Not bad at all! Obviously, nothing amazing, but still not nothing. Clearly, this type of neural network architecture is picking up on something present in the music. It’s around ~7–8% more accurate and ROC-AUC improved by ~0.1, which is a clear improvement. This definitely shows promise, and perhaps some level of utility.

Holdout Testing

models_dict = {'Dummy': dummy, 'MP': mlp_dict, 'CNN 1': cnn1_dict, 'CNN 2': cnn2_dict, 
               'RNN': rnn_dict}acc_dict, roc_auc_dict = evaluate_holdout(models_dict, X_holdout, y_holdout)# numerical scores for all the models
print("Accuracy Scores:")
for model, score in acc_dict.items():
    print(f'{model}: {score}')
print("<>"*10)
print("ROC-AUC Scores:")
for model, score in roc_auc_dict.items():
    print(f'{model}: {score}')Accuracy Scores:
Dummy: 0.5065015479876162
MP: 0.5065015479876162
CNN 1: 0.5065015479876162
CNN 2: 0.5523219814241486
RNN: 0.5981424148606811
<><><><><><><><><><>
ROC-AUC Scores:
Dummy: 0.5
MP: 0.5
CNN 1: 0.5
CNN 2: 0.5742730226123023
RNN: 0.645901654431502# graph!

plt.rcParams.update({'font.size': 20})
fig, (ax1, ax2) = plt.subplots(2, figsize=(9,9))
plt.tight_layout(pad=2.5)
fig.suptitle('Holdout Data Results')

ax1.bar(list(acc_dict.keys()), list(acc_dict.values()))
ax1.set_ylabel('Accuracy')
ax1.set_ylim(0.5, 1)
ax1.tick_params(axis='x', rotation=45)

ax2.bar(list(roc_auc_dict.keys()), list(roc_auc_dict.values()))
ax2.set_ylabel('ROC-AUC')
ax2.set_ylim(0.5, 1)
ax2.tick_params(axis='x', rotation=45)
plt.show()

Final Results on Holdout Set (+ changes added post-render). Image by author

Evaluation

As you can see, even as we engaged with some very complex and cutting-edge neural network architectures, we did not get a drastic increase in our chosen metrics: accuracy and ROC-AUC. This signals a limited amount of learning on the model’s part to successfully distinguish the two groups.

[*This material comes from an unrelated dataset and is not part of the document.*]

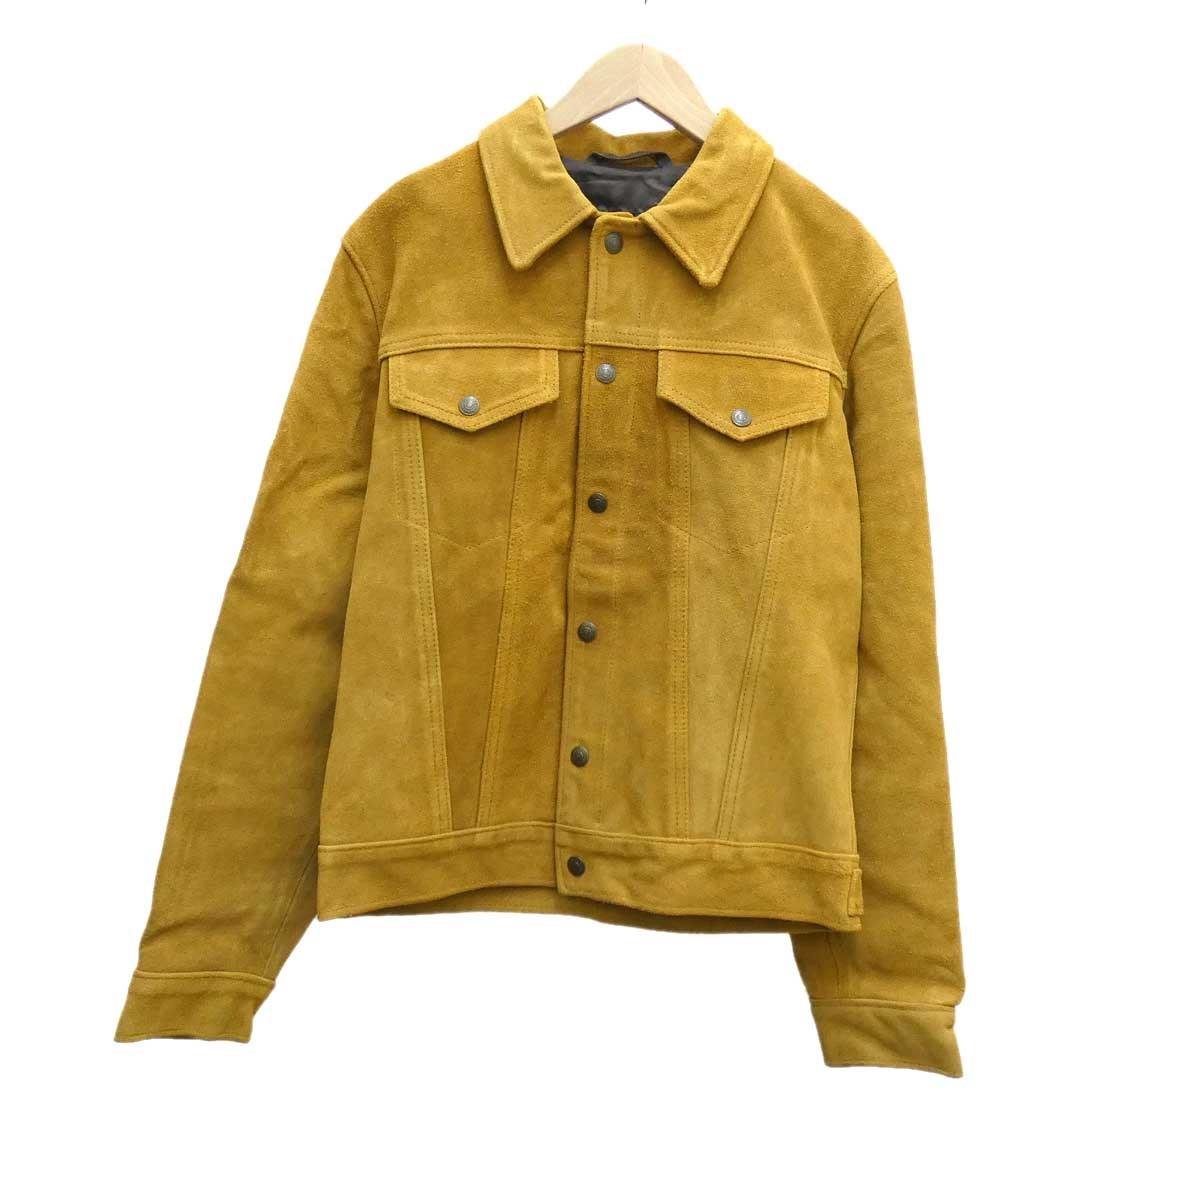 【中古】SCHOTT レザージャケット キャメル サイズ:36 【210820】(ショット)

However, we did get 59.8% accuracy and 0.646 ROC-AUC, which is not nothing — that is an increase of 9.1% accuracy and 0.146 ROC-AUC. And this was on the holdout set, so it did pick up on a few underlying abstract patterns, which is interesting and useful.

If we let the model continue learning, it would eventually overfit on the training data. At any rate, If I analyze this with LIME, I could definitely gain some real insight into what exactly the patterns it picked up on were.

Conclusion

I knew from the outset that this modeling project was an incredibly ambitious undertaking. Now that it’s completed I can say with the wisdom of hindsight that it did not do amazingly well, but it did perform admirably. To be frank, I might go so far as to assert that it was doomed to some level of failure with the limitations I set out with — namely, using solely audio samples. However, my results showed there to be a nugget of utility. More importantly, it does demonstrate a proof of concept that is quite powerful.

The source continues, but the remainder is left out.